A police team at work after a fatal shooting in Malmö. Photo: Johan Nilsson / TT
08:53 CET+01:00
Crime in Malmö has reached its lowest level in 20 years, but still almost three quarters of the southern city's inhabitants feel worried about being exposed to crime, according to an annual safety survey.

"People in Malmö feel more unsafe than they need to," said Mattias Sigfridsson, acting police chief for the region.

Each year, the police carry out a survey to measure the level of perceived safety among people in the city. The survey is sent to 7,000 randomly selected Malmö residents aged between 16 and 85, and this year just over half completed the survey.

Perceived safety had risen slightly since the previous survey, but fear of crime remains higher than it needs to be, according to Sigfridsson. Just under three quarters (74 percent) of the survey respondents said they were worried about being exposed to crime of some kind.

"That's a worry that the crime statistics show you don't need to feel," he said.

Sigfridsson cited several high-profile shootings as the reason for public concern.

The total number of shootings in Malmö has almost halved this year compared to last year, but the incidents that have happened – including the killing of a 15-year-old boy and a young mother who was fatally shot in broad daylight – have had a significant impact on residents. 

"The most serious crimes have become more reckless. They have become more brutal, and this type of crime worries people. Malmö is also quite a small town geographically, which means you are often close to these crimes and that affects us," said the police chief.

A local police chief in northern Malmö, Andy Roberts, said that an unbalanced depiction of Malmö in the media also contributed negatively to residents' perceived safety.

"There are often dark newspaper columns about Malmö, we shouldn't underestimate the image and the psychological impact that creates. There is really a lot of focus on the negative, both in the mass media and from police," said Roberts.

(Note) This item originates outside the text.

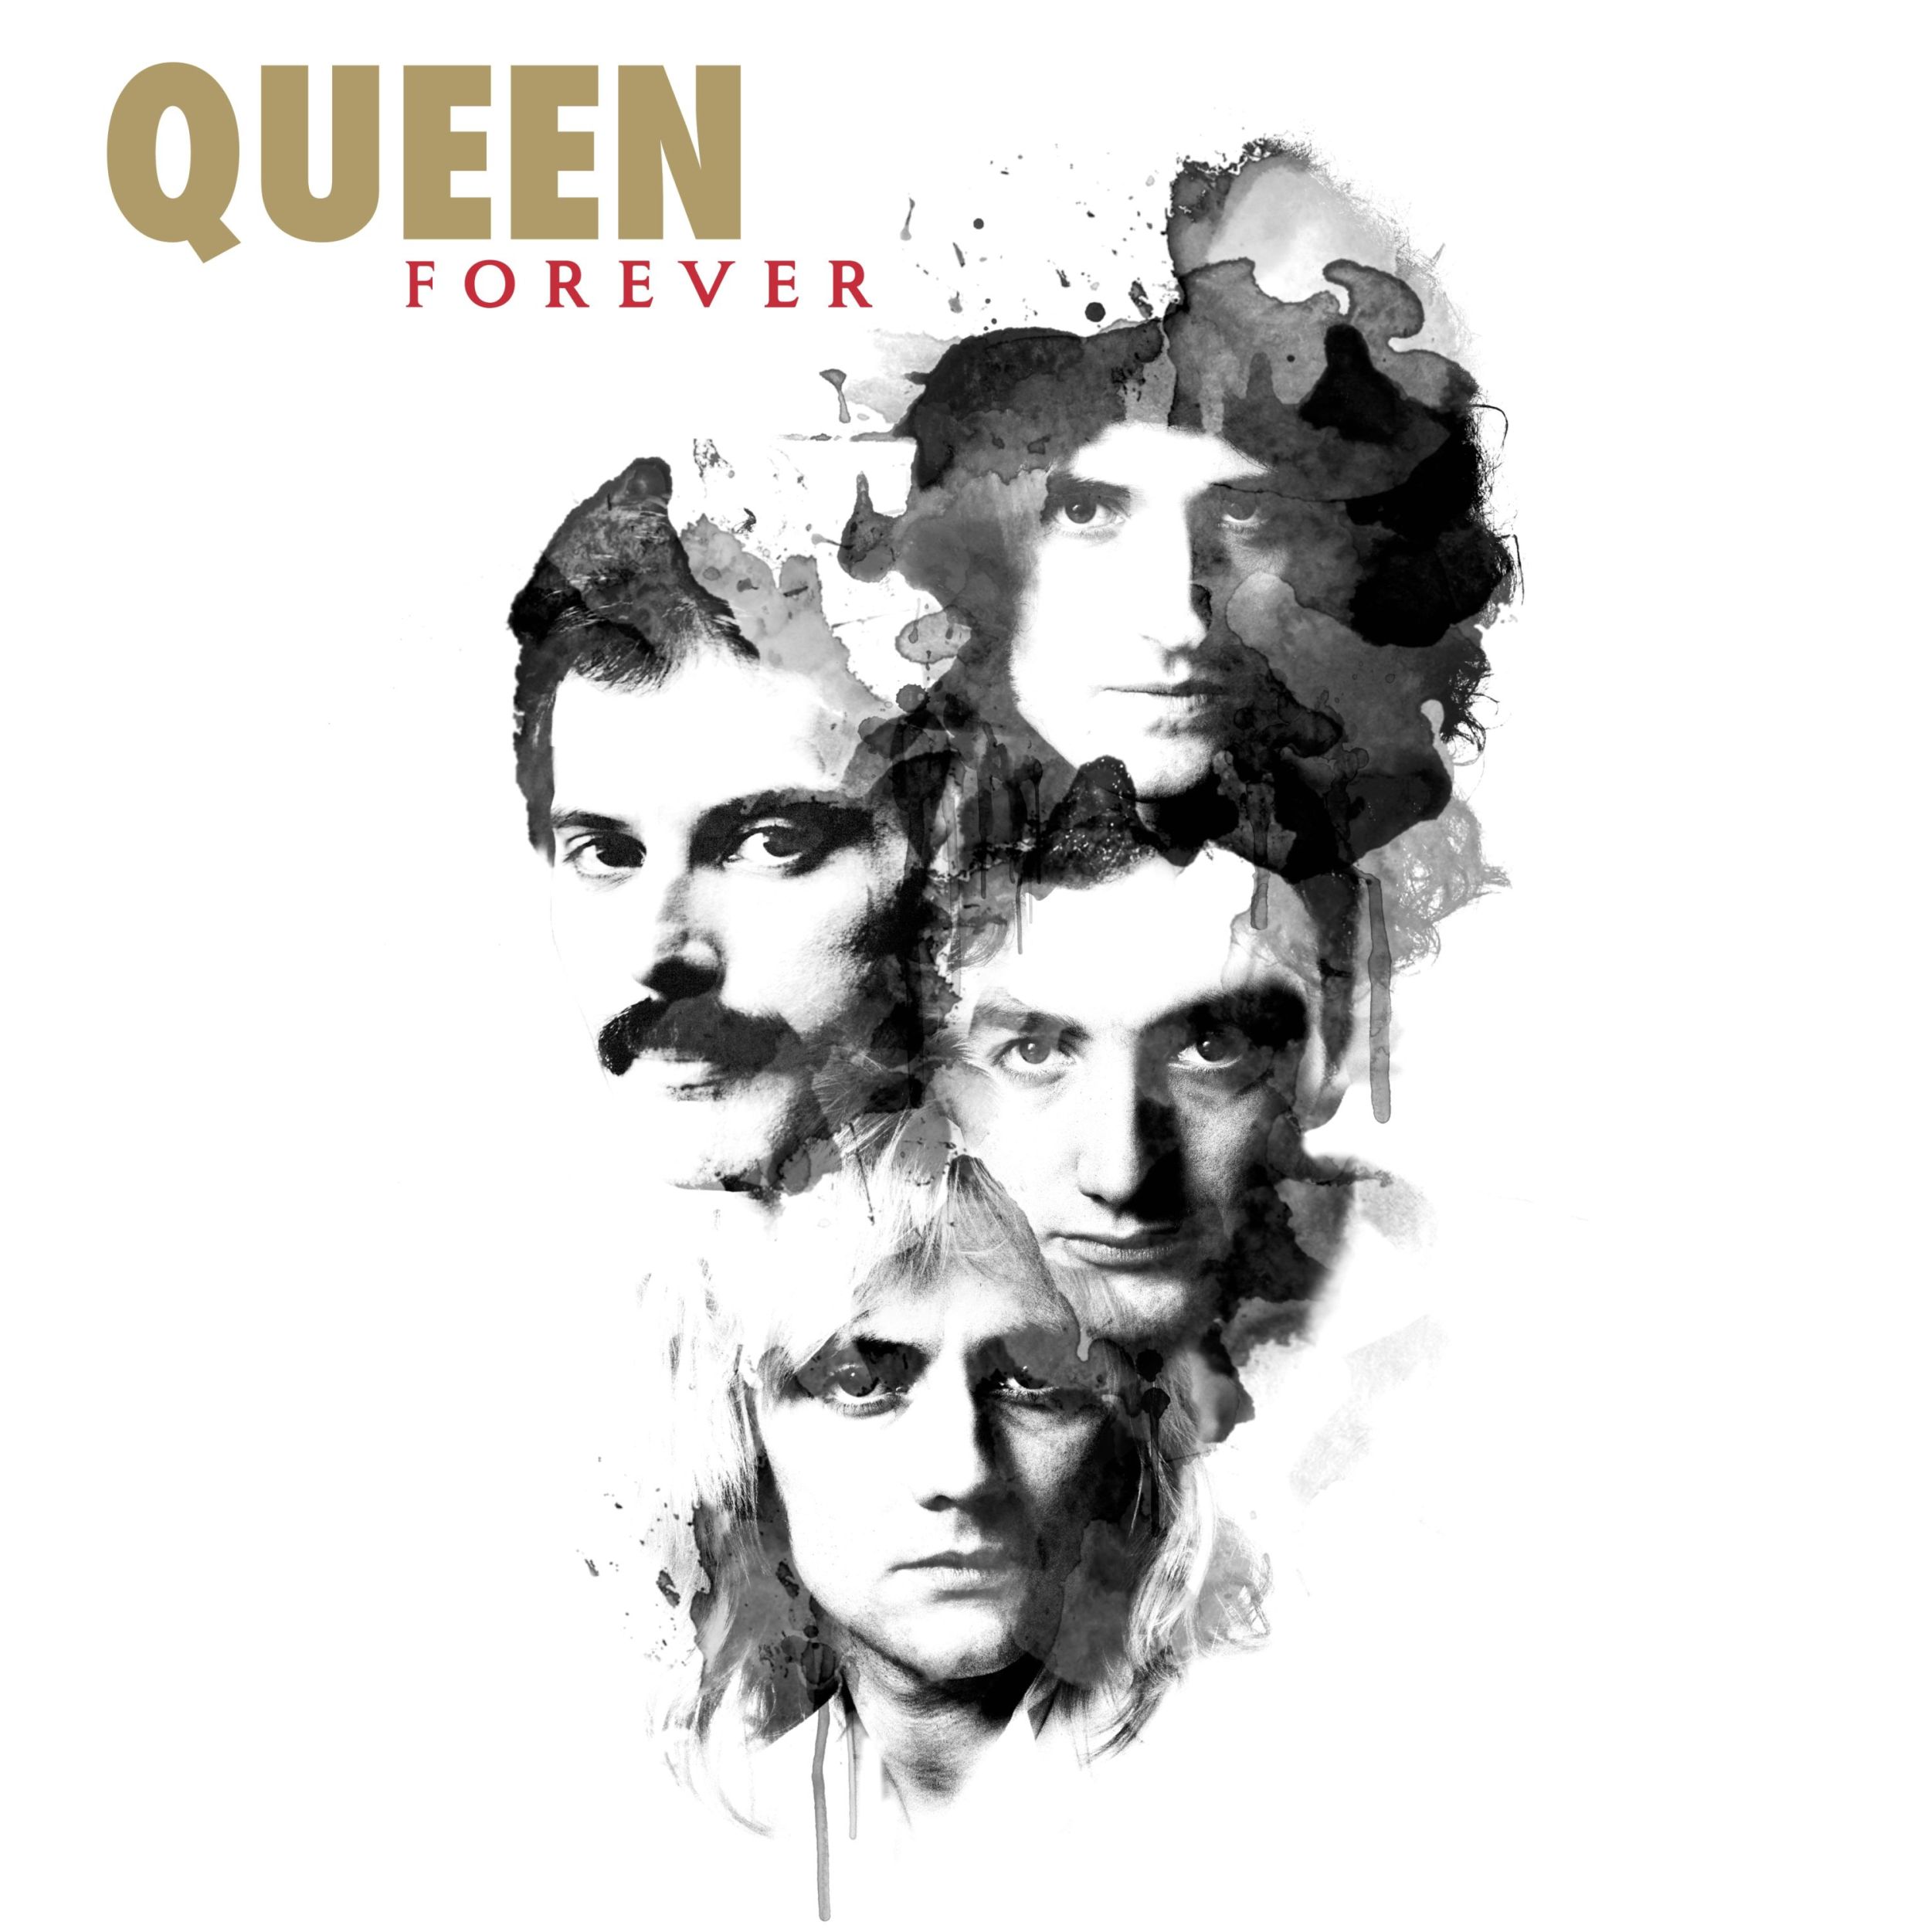 L'11 Novembre esce "QUEEN FOREVER" con gli inediti di Freddie Mercury e l'atteso duetto con Michael Jackson

But he said non-violent but visible crime or anti-social behaviour was another potential contributing factor, including littering, rowdy groups of young people on the streets, and the drugs trade.

"It is clear that it's important to work with this problem. Drugs are a part of the problem which leads criminal networks to kill each other," he added.

Malmö police have previously highlighted the role of the drugs trade in gang crime and violence, and begun cracking down on it as part of their efforts to continue reducing violent crime.